Leipziger Schulen und Kindertagesstätten können sich bis zum 21. August für die Aktion „Kleine Klimaschützer unterwegs“ anmelden. Kinder sammeln dabei für Wege zu Fuß, mit dem Fahrrad, Roller, Bus oder Bahn sogenannte Klimameilen.
Alltagswege stehen im Mittelpunkt
Die Aktion verlangt keine außergewöhnlichen Leistungen. Bereits der tägliche Weg zur Schule oder Kita kann gezählt werden.
Dadurch sollen Kinder erfahren, dass Klimaschutz auch aus kleinen Entscheidungen im Alltag besteht.
Elterntaxis verursachen Probleme
Viele Schulen erleben morgens dichten Autoverkehr direkt vor dem Eingang. Wendemanöver und kurzfristiges Halten können andere Kinder gefährden.
Mehr Fuß- und Radverkehr kann das Umfeld sicherer machen. Voraussetzung sind jedoch sichere Wege und altersgerechte Verkehrserziehung.
Gesammelte Meilen werden weitergegeben
Die Ergebnisse der teilnehmenden Einrichtungen werden zusammengeführt und an das internationale Klima-Bündnis übermittelt.
Die symbolischen Meilen sollen verdeutlichen, welchen Beitrag Kinder gemeinsam leisten können.
Aktion darf Infrastruktur nicht ersetzen
Kinder können nur dann selbstständig unterwegs sein, wenn Gehwege, Querungen und Radverbindungen sicher sind.
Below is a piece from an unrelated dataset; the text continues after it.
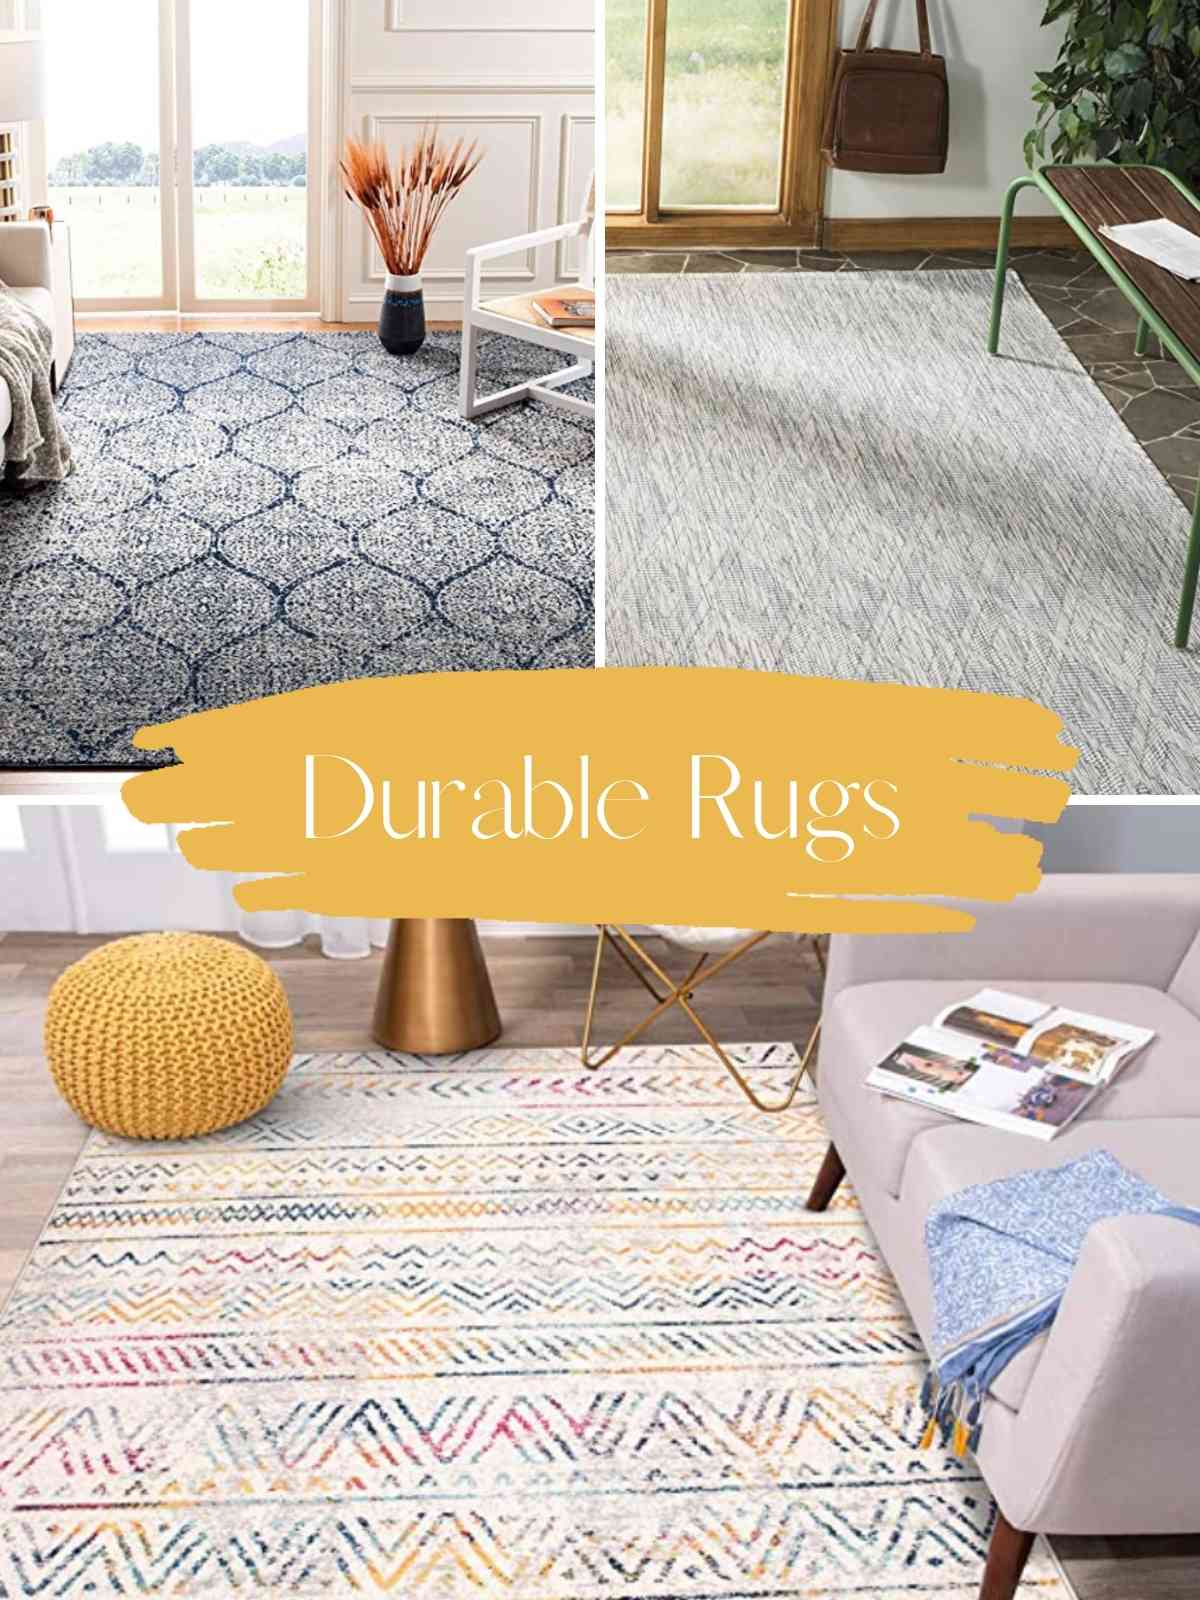 Durable Rugs For lower level

Die Kampagne kann Bewusstsein schaffen. Notwendige bauliche Verbesserungen und Kontrollen im Schulumfeld bleiben dennoch Aufgabe der Stadt.
Quellen
Stadt Leipzig, Aufruf zur Aktion „Kleine Klimaschützer unterwegs“, veröffentlicht am 31. Juli 2026.
Amt für Umweltschutz der Stadt Leipzig, Angaben zur Anmeldung bis zum 21. August 2026.